The CCRU provides access to specialty services for patients while allowing the continuation of previously scheduled surgical cases. Prior to the establishment of the CCRU, any urgent or emergent cardiac surgery or neurosurgery transfers would need to go directly to the CSICU or the NCCU. Given the limited bed availability, this would lead to the cancelling of previously planned cases that would require a postoperative ICU. The coronavirus disease 2019 (COVID-19) pandemic has demonstrated that cancelling scheduled and elective surgical cases results in the loss of revenue for hospitals [19]. Hospitals that cancel surgical cases due to strained ICU capacity have also been shown to decrease hospital revenue [20]. The multispecialty expertise of the CCRU allows patients with a wide range of disease processes to be transferred and to receive prompt resuscitation while also allowing destination units to continue to conduct scheduled surgical cases that would have otherwise been postponed or cancelled if another admission occupied the patient’s bed in the ICU. Further investigation into the specific implications for surgical revenue is needed.

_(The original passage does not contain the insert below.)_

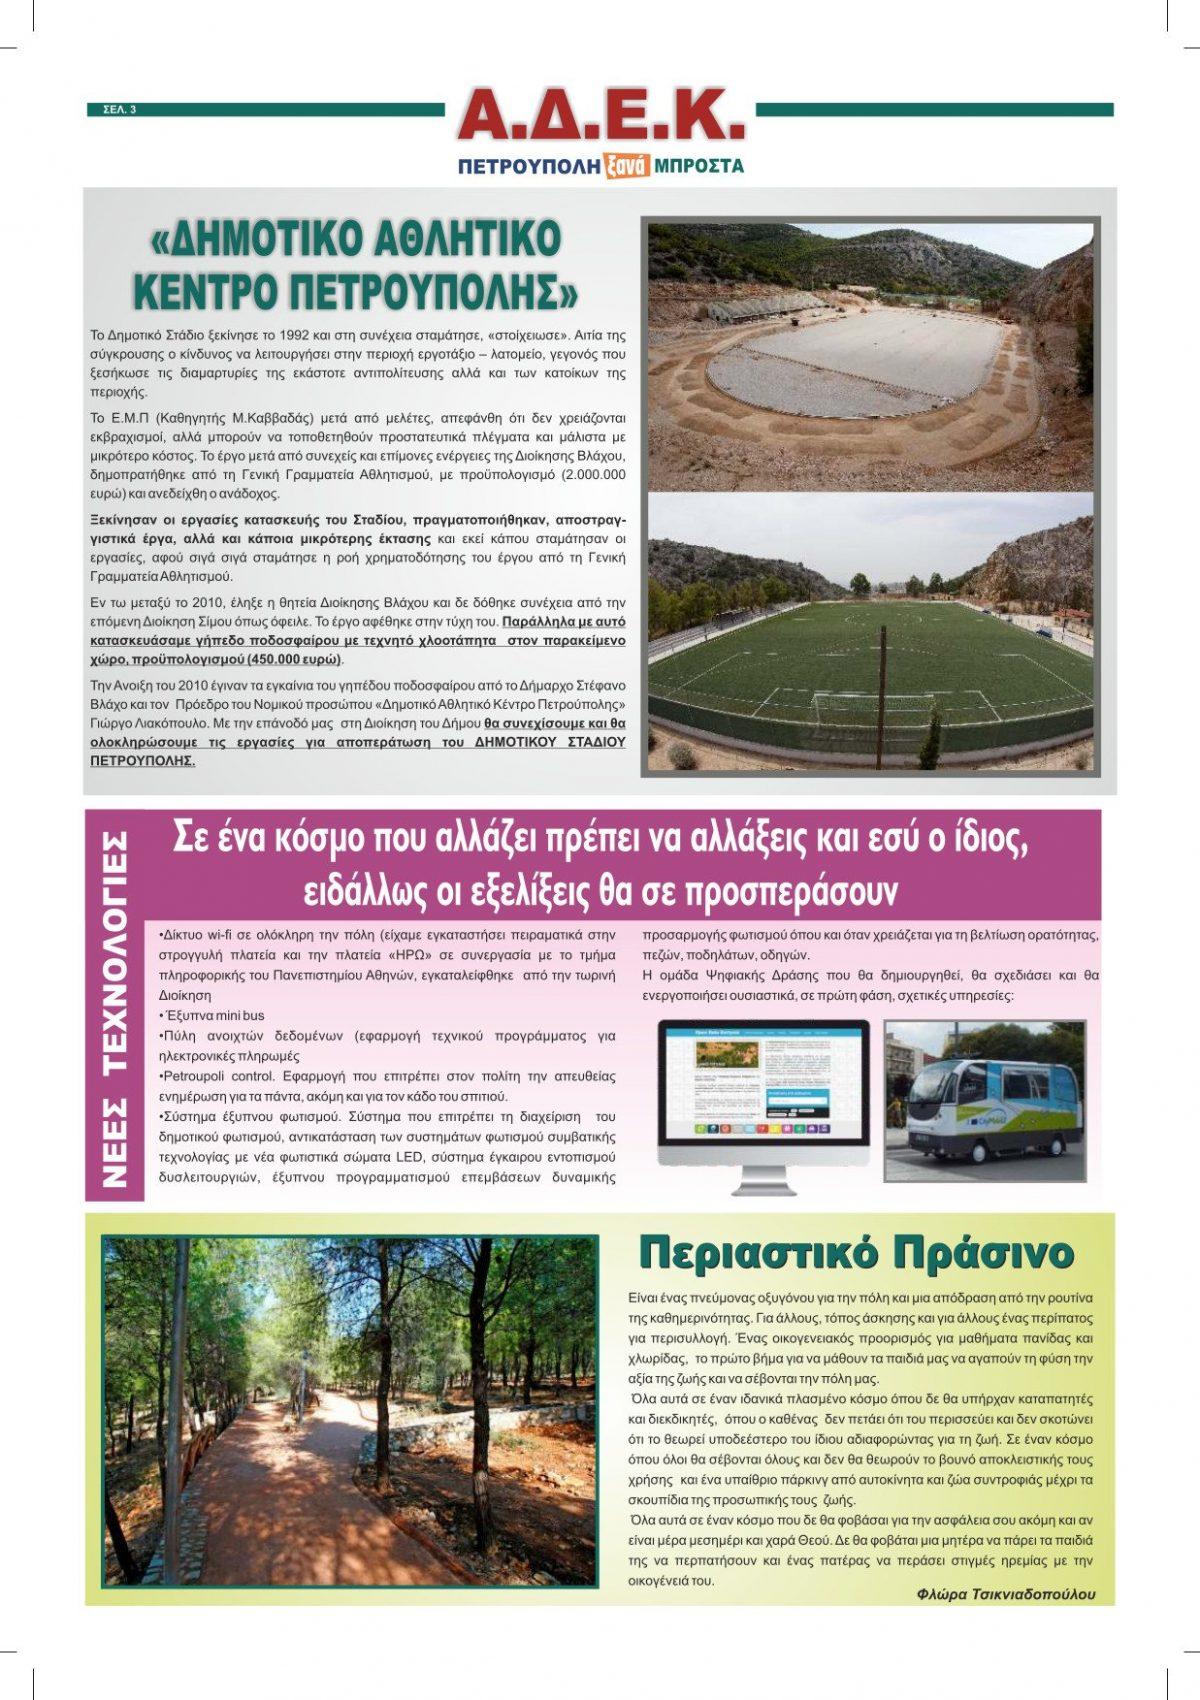 Πετρούπολη η πόλη μας σελ. 3

The United States has seen an increase in the number of ICU beds in recent history [21]. However, increasing the number of traditional ICU beds can result in increased hospital fixed costs while creating waste in the system when these beds are not occupied [22]. There have been questions regarding the cost-effectiveness of shorter stay resuscitation/ICU units as a potential cost-saving alternative [23]. One study examined creating a shorter stay unit for intermediate risk patients who may not require long-term ICU management. These beds provide ICU capability but less cost to the system overall [24]. The CCRU provides a similar short stay model where patients may be triaged to their destination ICU or downgraded based on clinical improvement. The CCRU allows for an increase in ICU admissions without having to staff and maintain additional traditional ICU beds, and thus we would expect a cost benefit to the health system; however, this was not specifically studied.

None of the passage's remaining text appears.